Hit songwriter and producer Eddie Schwartz (Pat Benatar's "Hit Me With Your Best Shot" among many others) just released his new EP "Film School", and to celebrate we asked him to tell us about the song "We Win". Here is the story:
"We Win" saved my life. I know that sounds a little over the top, but that's how I feel about that song. So here's the story. In 1997 I moved my wife and two young kids from Toronto Canada to Nashville, Tennessee, and promptly got into the Nashville songwriting two-step, which is writing two songs a day, five days a week. I'd do one writing session in the morning from 10am to 1, then an hour for lunch and then another writing session in the afternoon from 2 to 5. Writing with different people, artists, other songwriters - so I was writing something like 10 songs a week. Now before that, when I wrote songs I took my time. If I wasn't happy with a song I was working on and it took a week or a month or even years, that was the time I took. FYI, "Hit Me With Your Best Shot" literally took years to write. So the Nashville songwriting scene was very intense, and a world away from how I wrote before. Don't get me wrong, I met some amazing writers and artists, like Gary Levox of Rascal Flatts ( we wrote "See Me Through" with Bruce Miller), and it was an amazing experience. But after doing it for a number of years, I realized that I was burnt out and not writing the songs I wanted and needed to write.
So I quit, took a long break, and got very involved working on copyright and authors' rights issues, which are very challenging now, and have been for some time.
I did try to write and I had a lot of encouragement from my family and friends here in Nashville and elsewhere, but I just couldn't find my way back to how I wrote songs before my Nashville years. I spent a lot of time with a guitar in my hands staring at a blank page. I didn't give up. I'd walk away and come back a day later - or a week and had some ideas that I thought were worth pursuing. But the page stayed blank.
I felt if I was going to write songs again, I needed to have something meaningful to say, something hopeful at a time when for me, and maybe for a lot of other people, hope was in short supply.
I remember sitting holding my guitar in my small writing room - I sort of had some music I liked, but no ideas for lyrics.

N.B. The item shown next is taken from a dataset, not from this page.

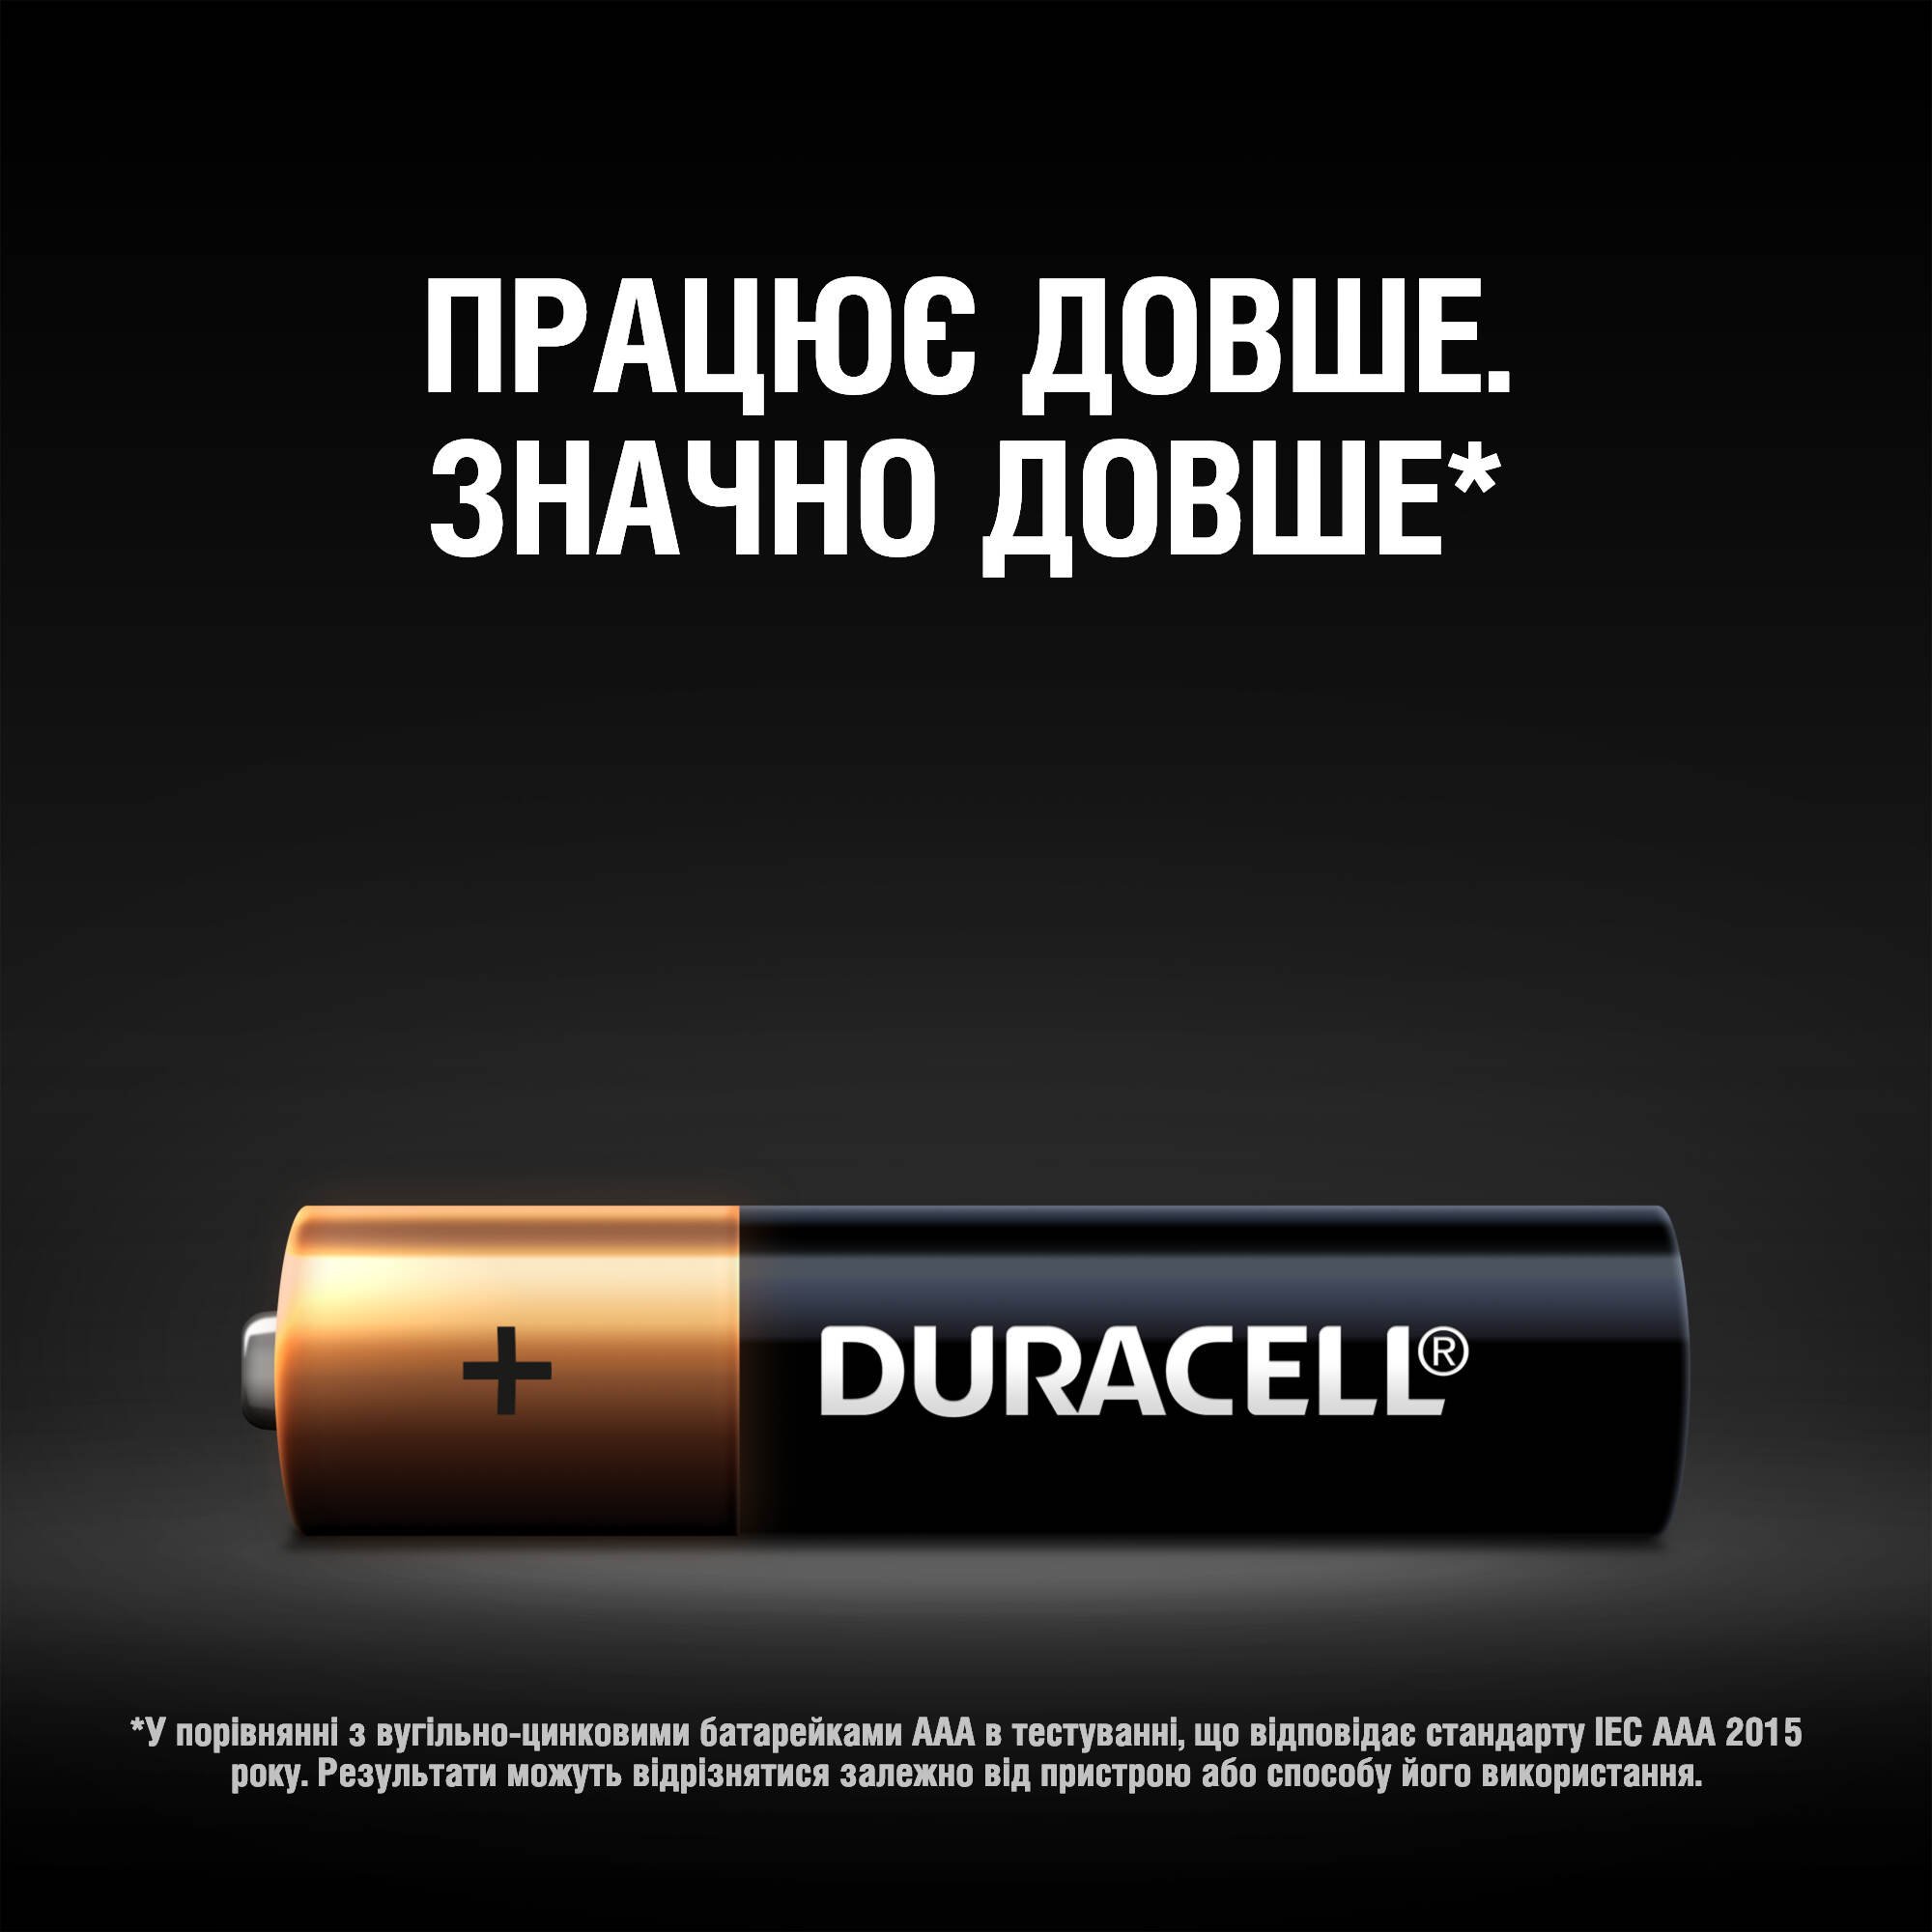 Лужні батарейки мізинчикові Duracell 1,5 V AAA LR03/MN2400, 2 шт. (706007) - фото 4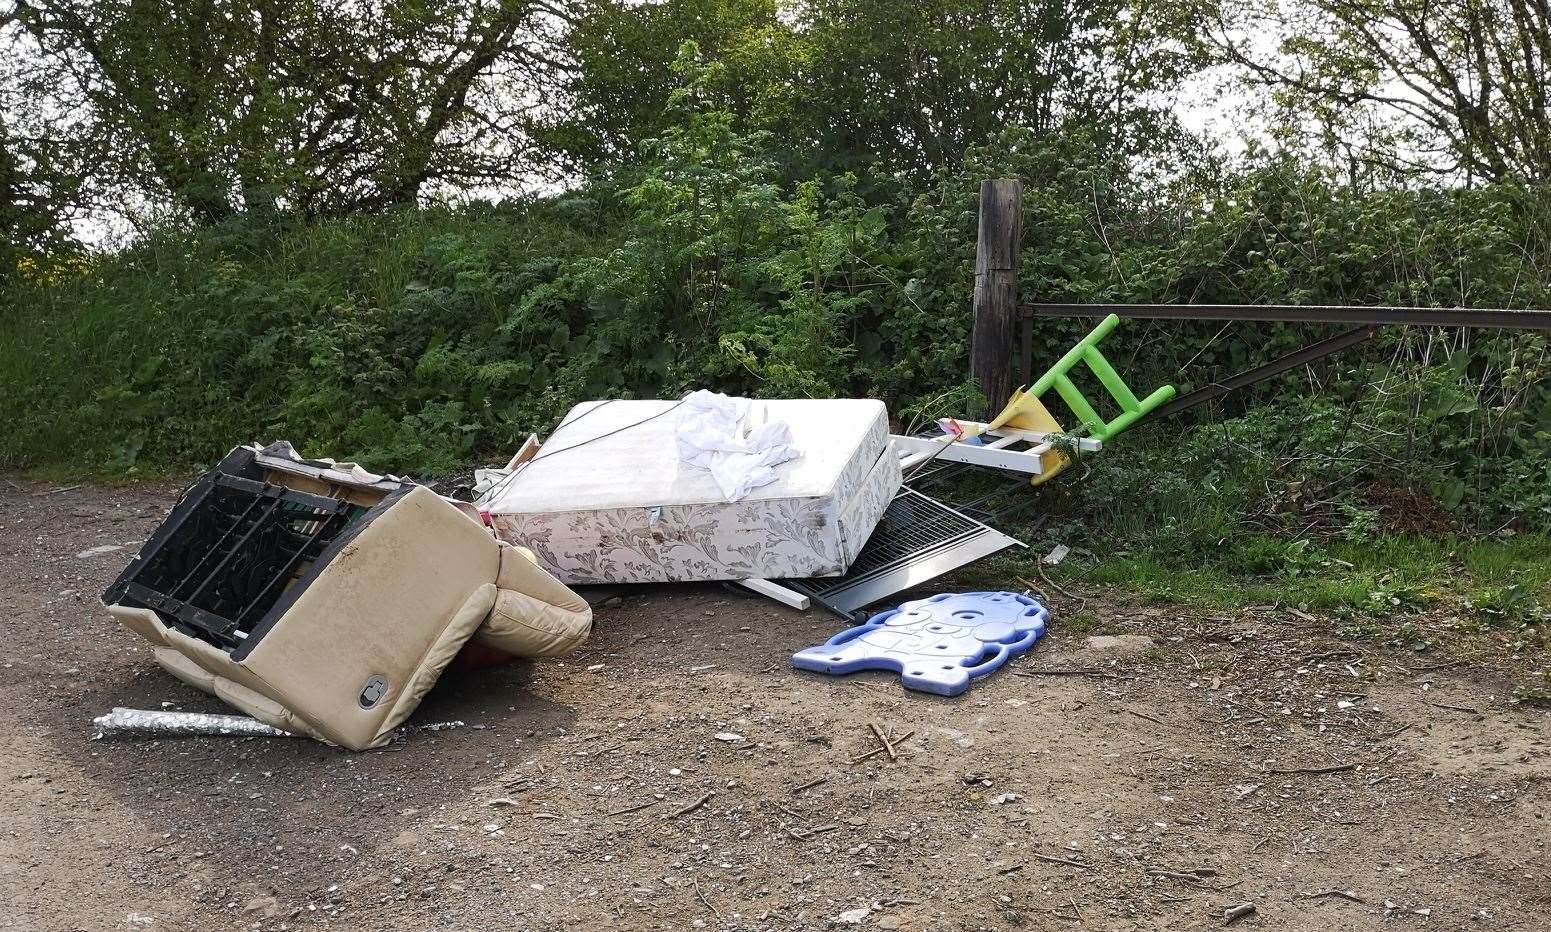 Steven Crowley dumped waste down Burberry Lane in Leeds, near Maidstone

And then too very short words came to me - "we win". I started singing them to the chord changes I had and it was one of those moments you never forget. "If love counts for something, we win" It was a tremendous relief. It felt like I had found my way home, that I had an idea that was worth devoting time to and getting right, and maybe even worth sharing once it was ready.
It was the breakthrough I very much needed, and over the next few months I was able to finish "We Win" and the other songs on Film School.